*What to produce*. What you should repeat is the run of lines from the top of the listing below through the line with "Singer Plastic Bertrand", exactly, with no pictures.
--- Recorded data ---
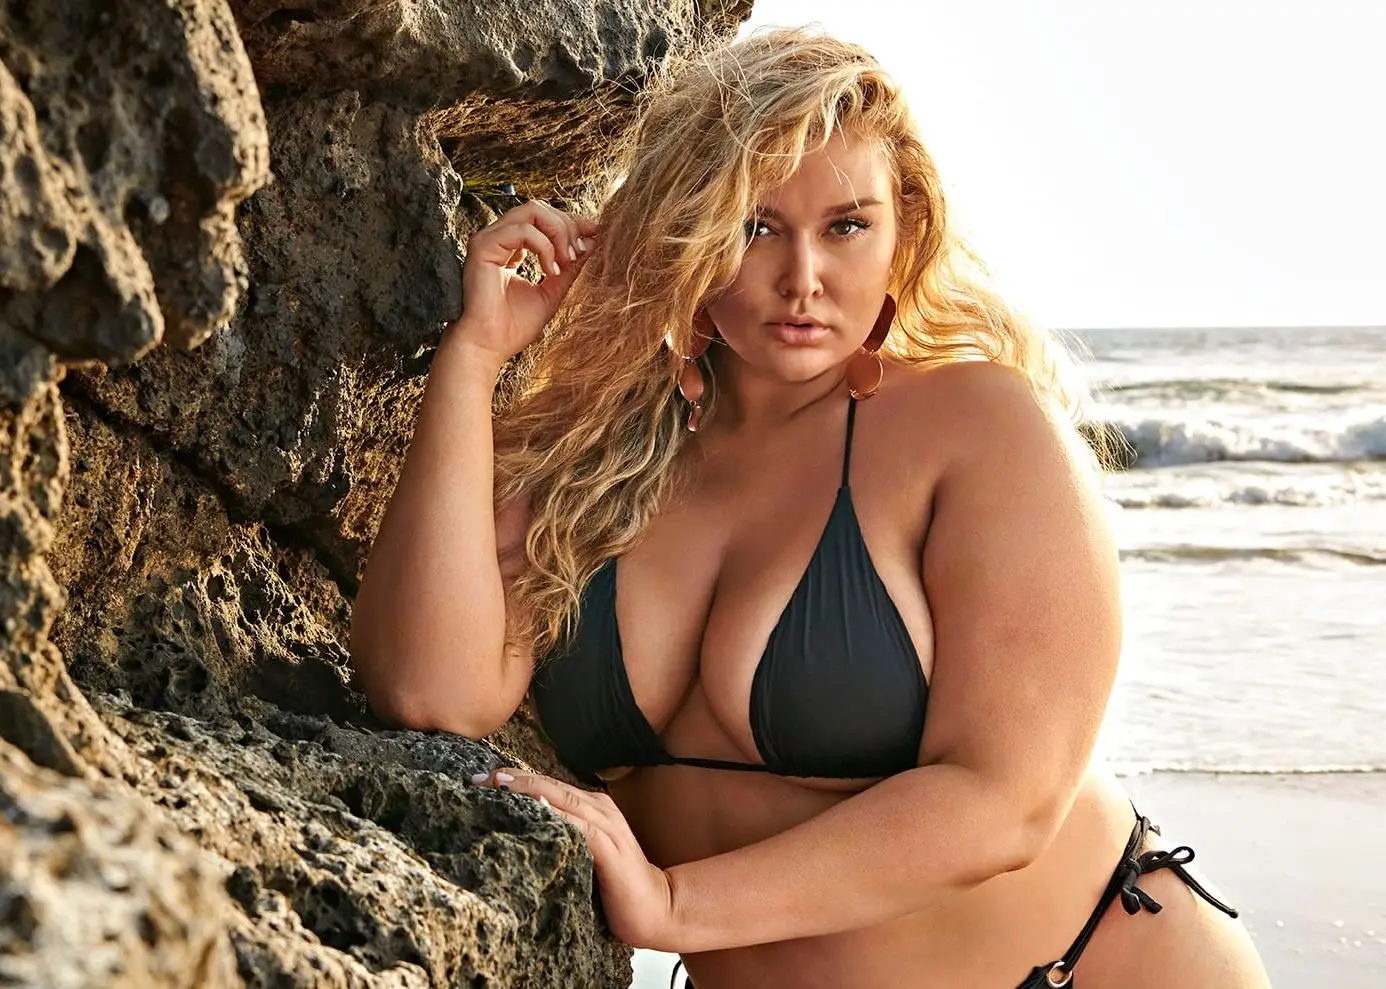 Hunter Mcgrady By Yu Tsai In Bali Indonesia For Sports Illustrated Swimsuit 2020 Avaxhome
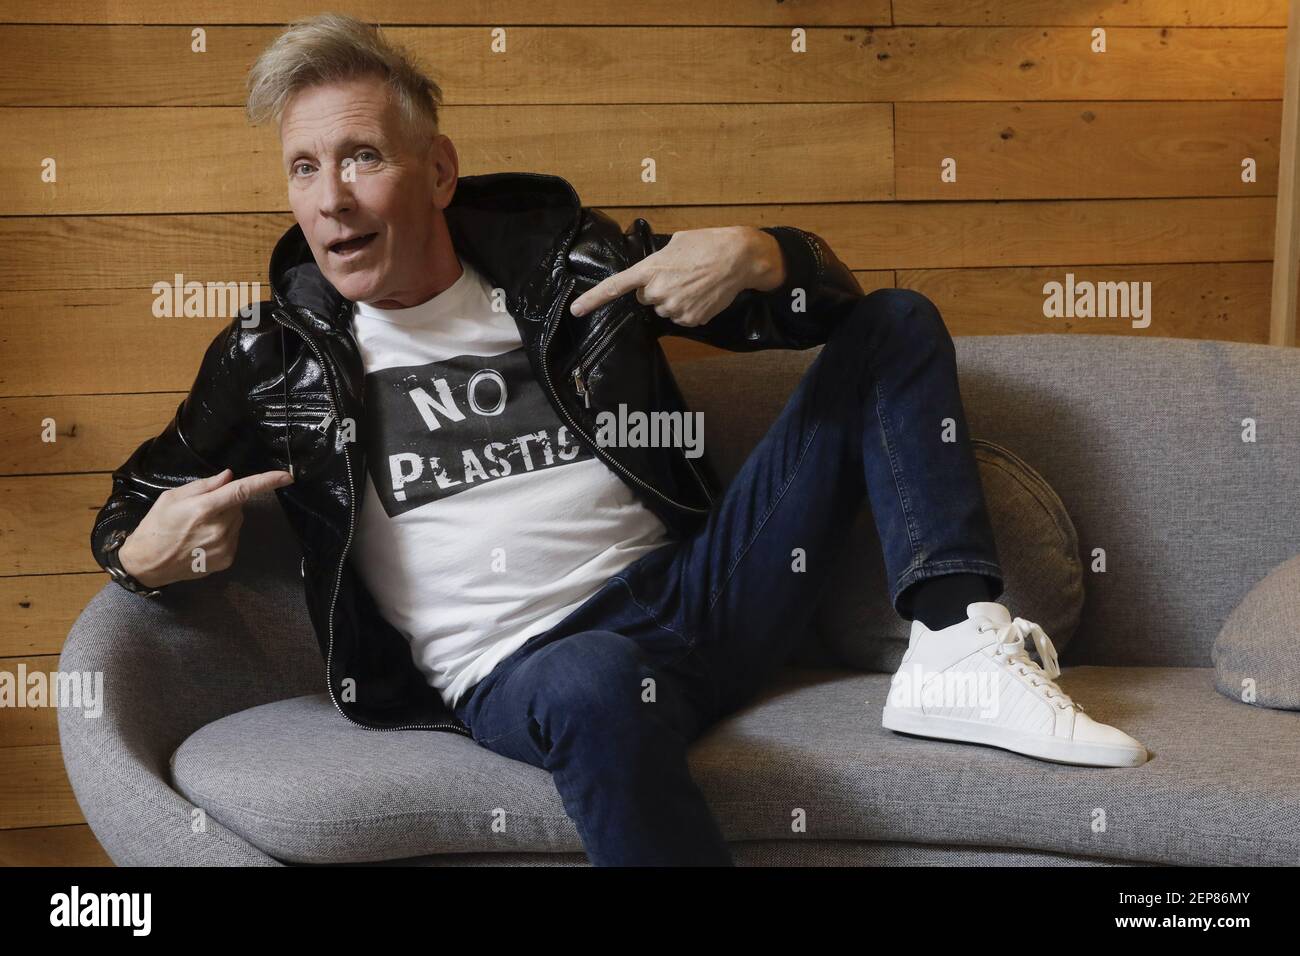 Singer Plastic Bertrand aka Roger Jouret poses for the photographer during an interview at radio station Nostalgie, on the 30th anniversary of the New Beat music genre on Wednesday, November 13, 2019 in Brussels, Belgium. (Photo by BELGA PHOTO/THIERRY ROGE/Sipa USA) Stock Photo
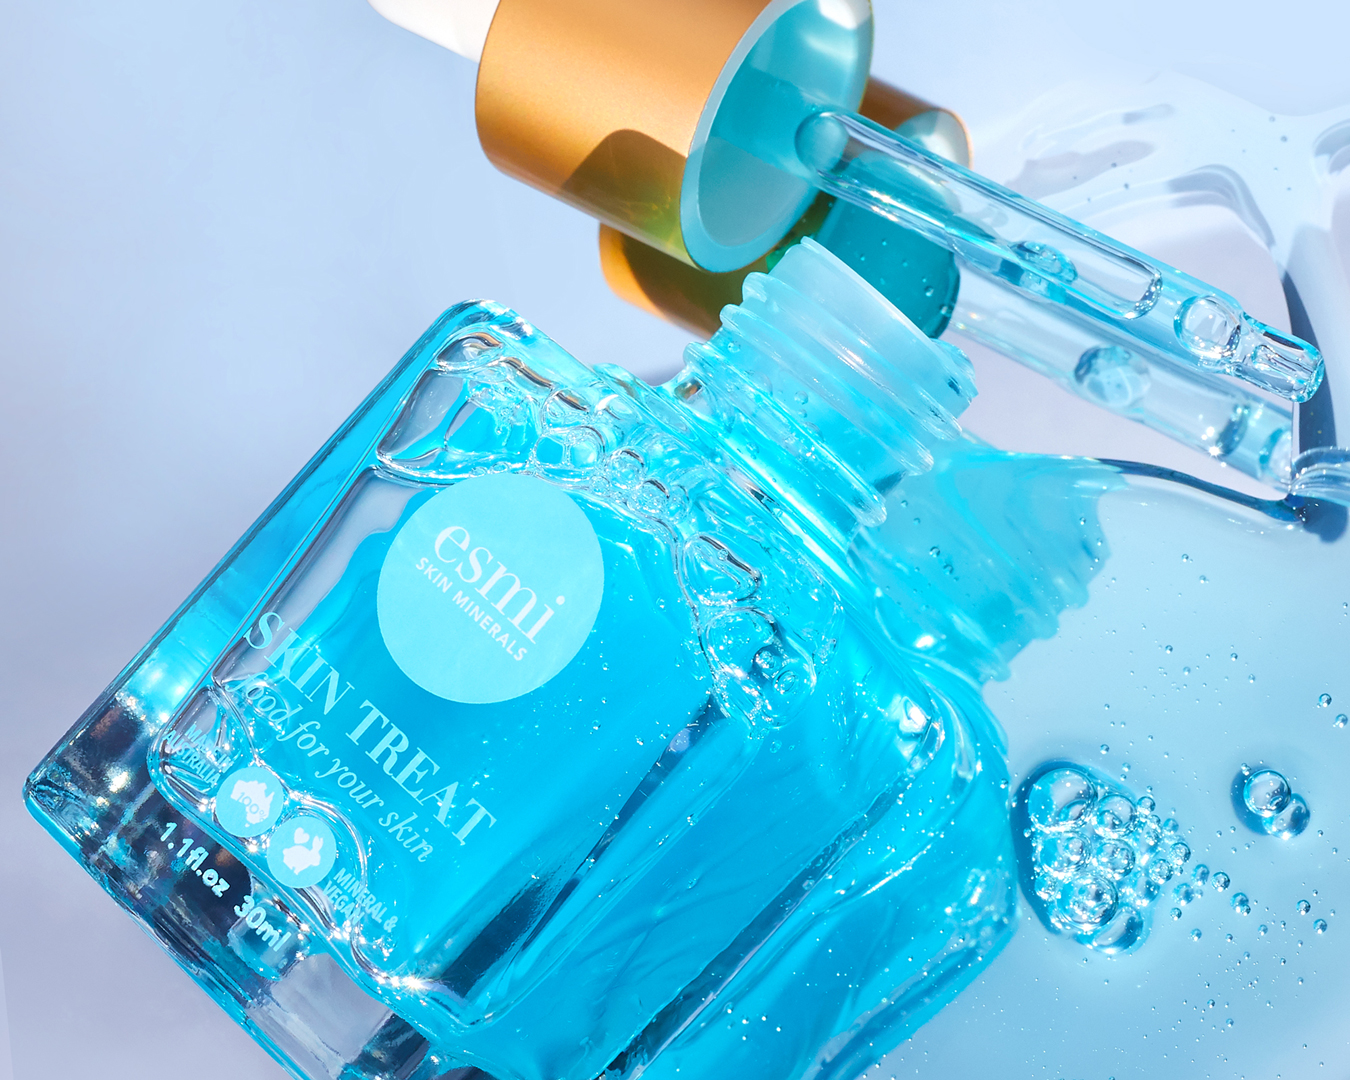 A close up of beautiful blue bottles, one of the best skincare brands available in NZ.
---
*Solution to this task*.
 Hunter Mcgrady By Yu Tsai In Bali Indonesia For Sports Illustrated Swimsuit 2020 Avaxhome
 Singer Plastic Bertrand aka Roger Jouret poses for the photographer during an interview at radio station Nostalgie, on the 30th anniversary of the New Beat music genre on Wednesday, November 13, 2019 in Brussels, Belgium. (Photo by BELGA PHOTO/THIERRY ROGE/Sipa USA) Stock Photo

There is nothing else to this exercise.